## [PROVIDED MATERIAL]
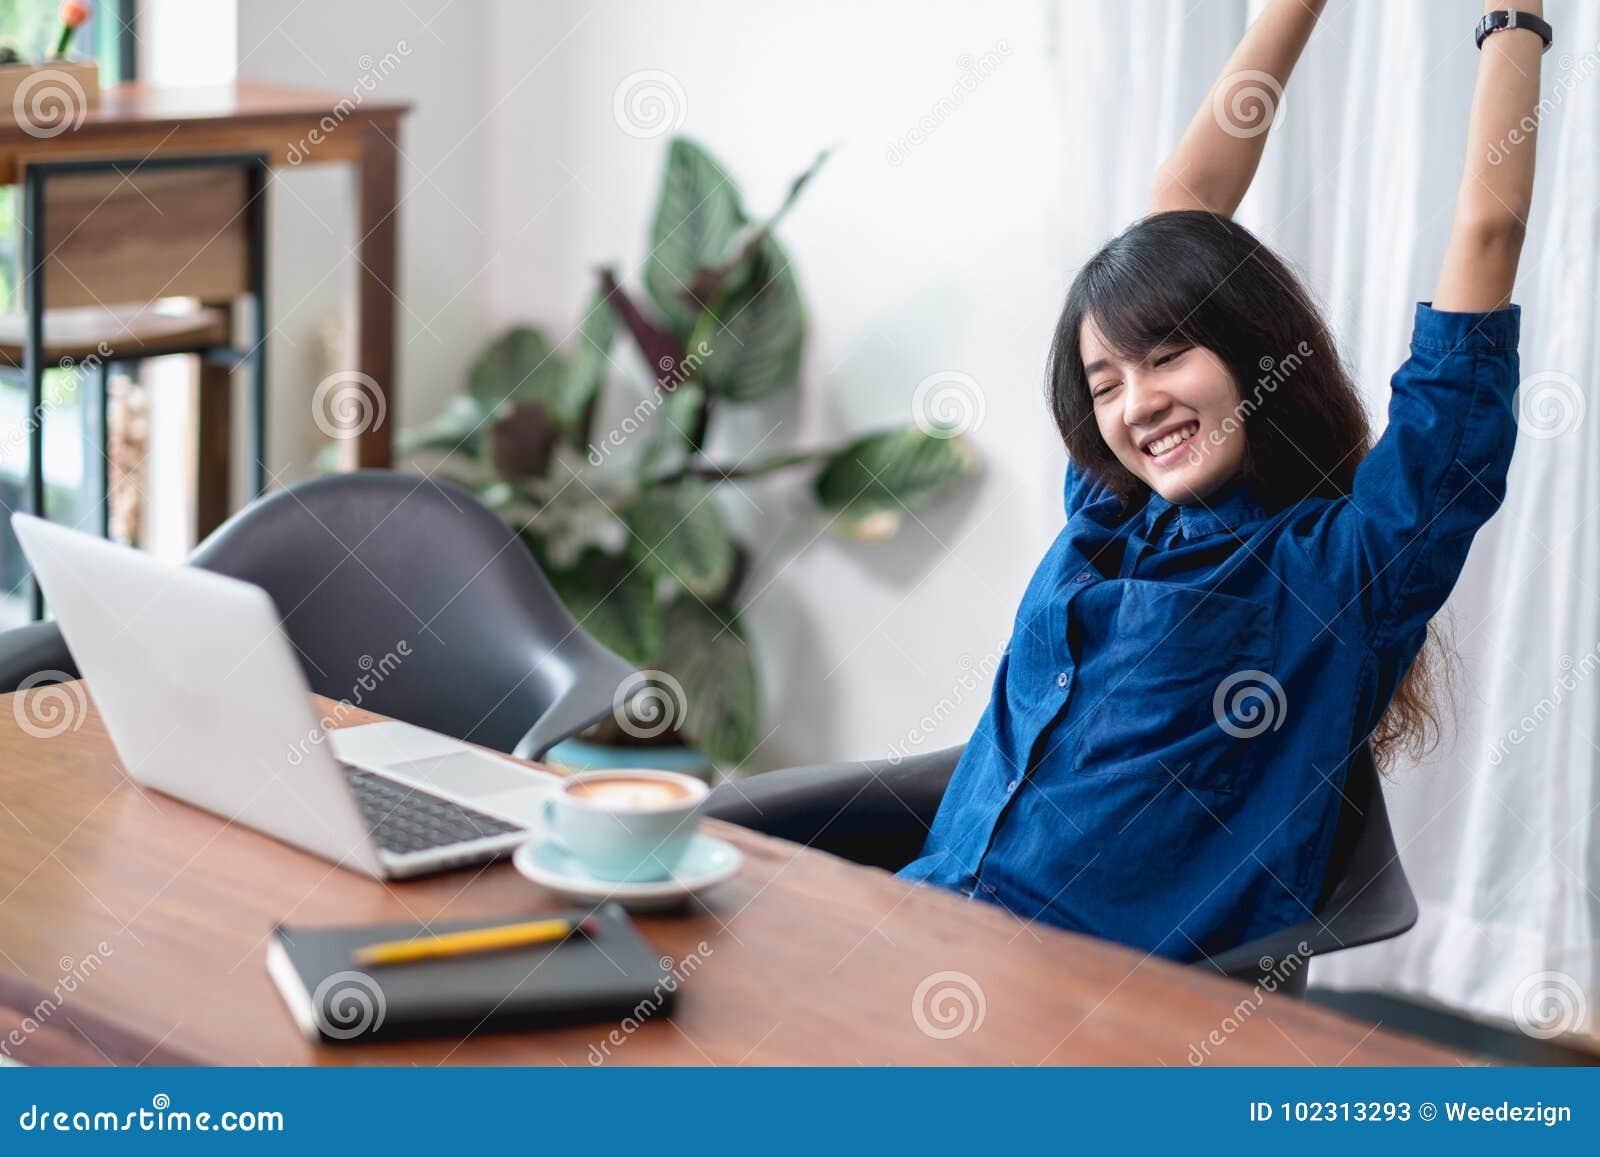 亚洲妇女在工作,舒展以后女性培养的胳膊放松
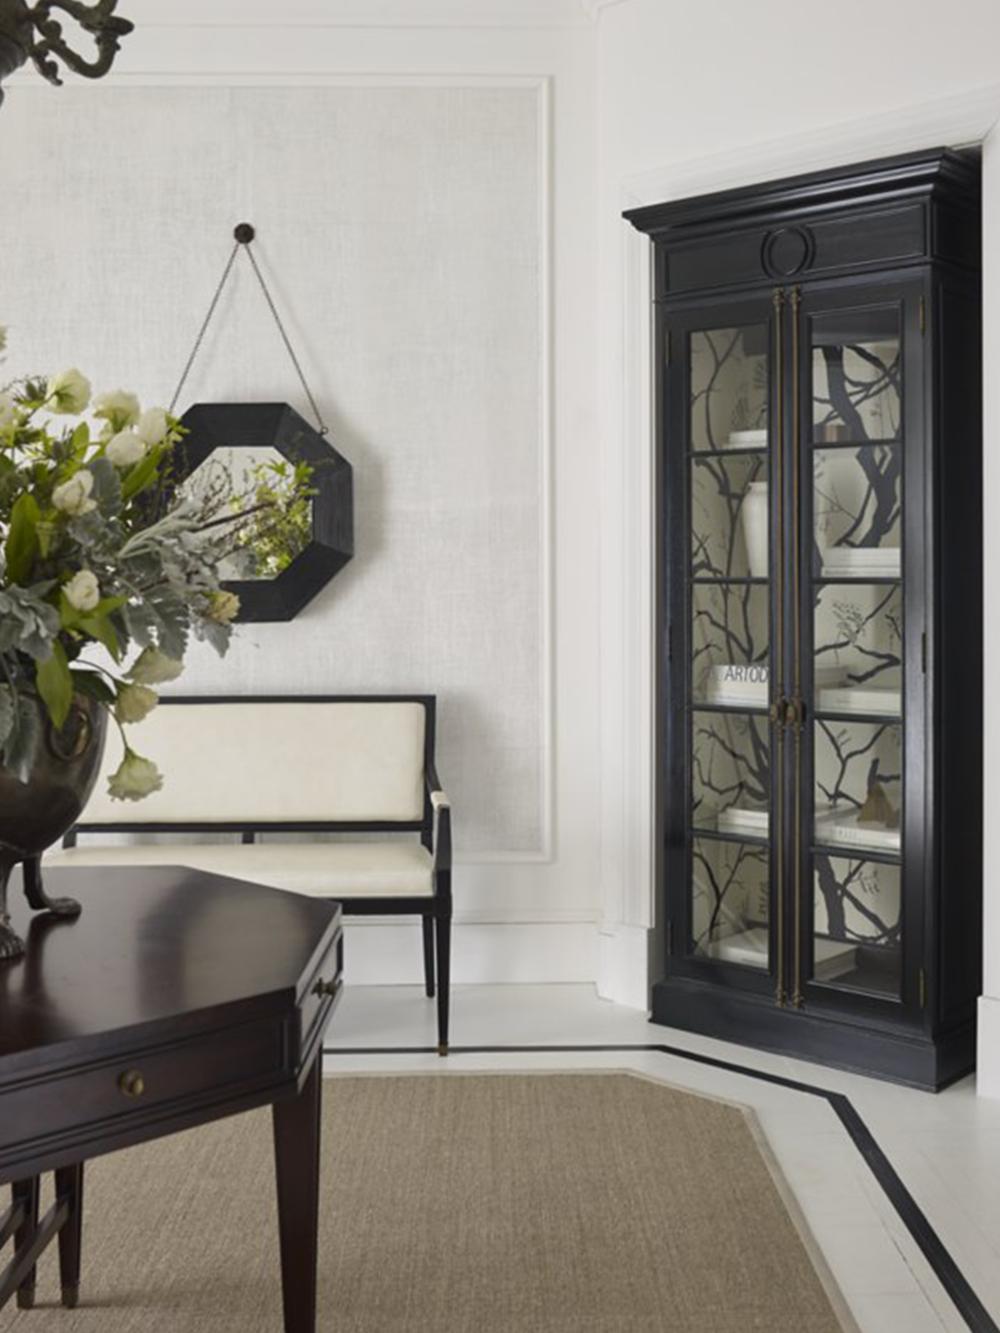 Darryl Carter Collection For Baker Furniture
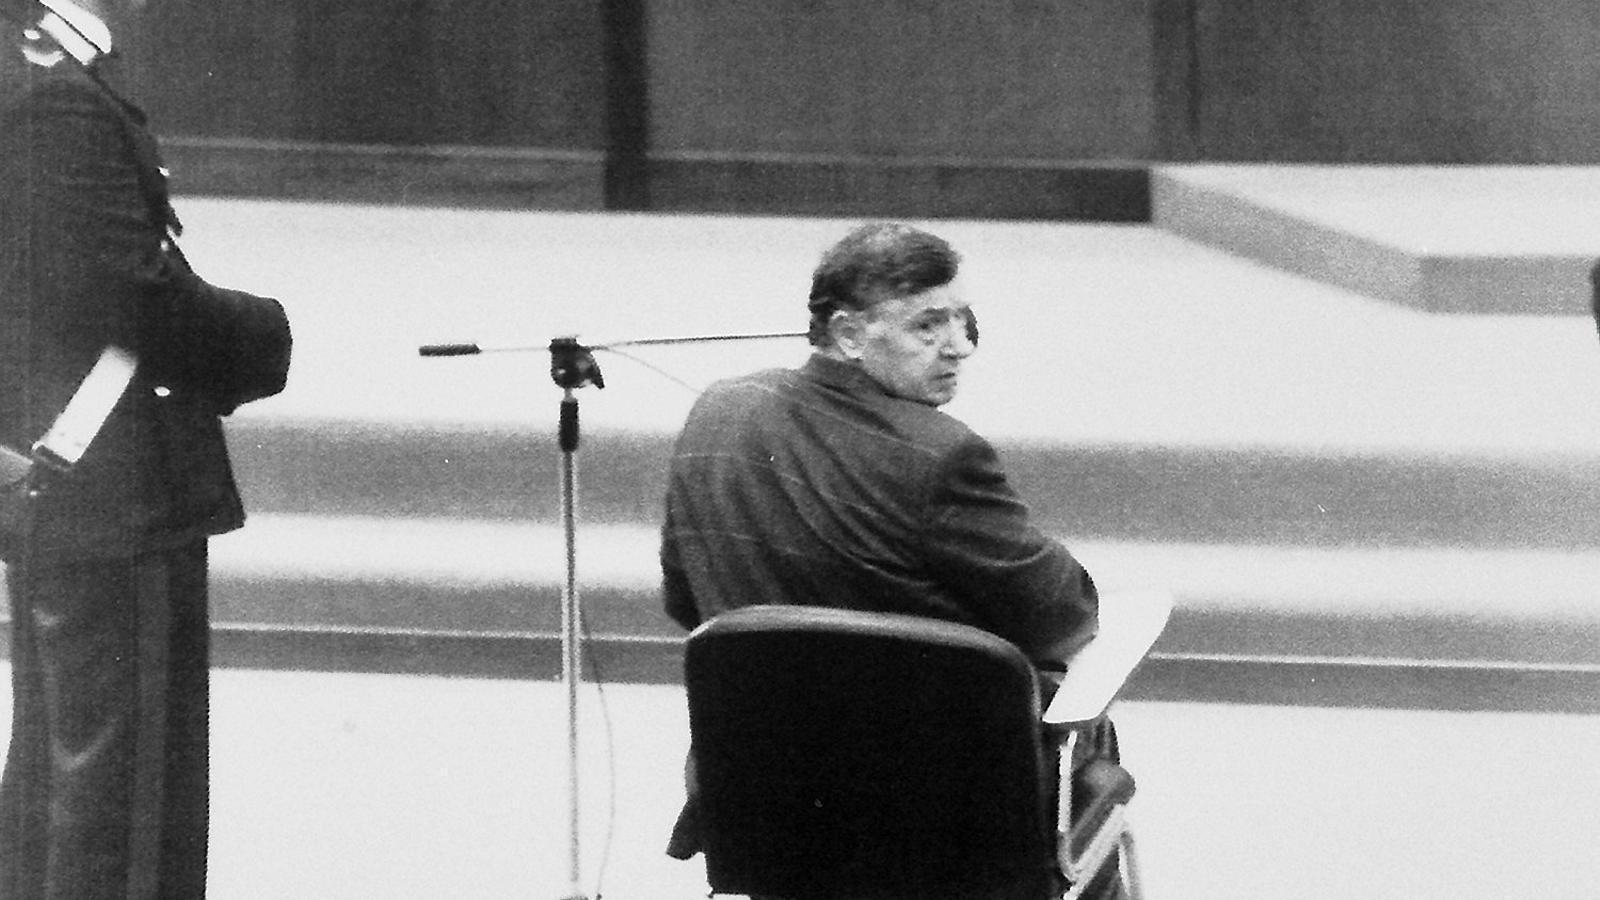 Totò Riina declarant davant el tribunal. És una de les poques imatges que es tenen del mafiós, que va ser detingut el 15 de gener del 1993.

## [EXERCISE DESCRIPTION]
Give back the material above exactly as it appears, minus any picture.

## [WRITTEN REPLY]
 亚洲妇女在工作,舒展以后女性培养的胳膊放松
 Darryl Carter Collection For Baker Furniture
 Totò Riina declarant davant el tribunal. És una de les poques imatges que es tenen del mafiós, que va ser detingut el 15 de gener del 1993.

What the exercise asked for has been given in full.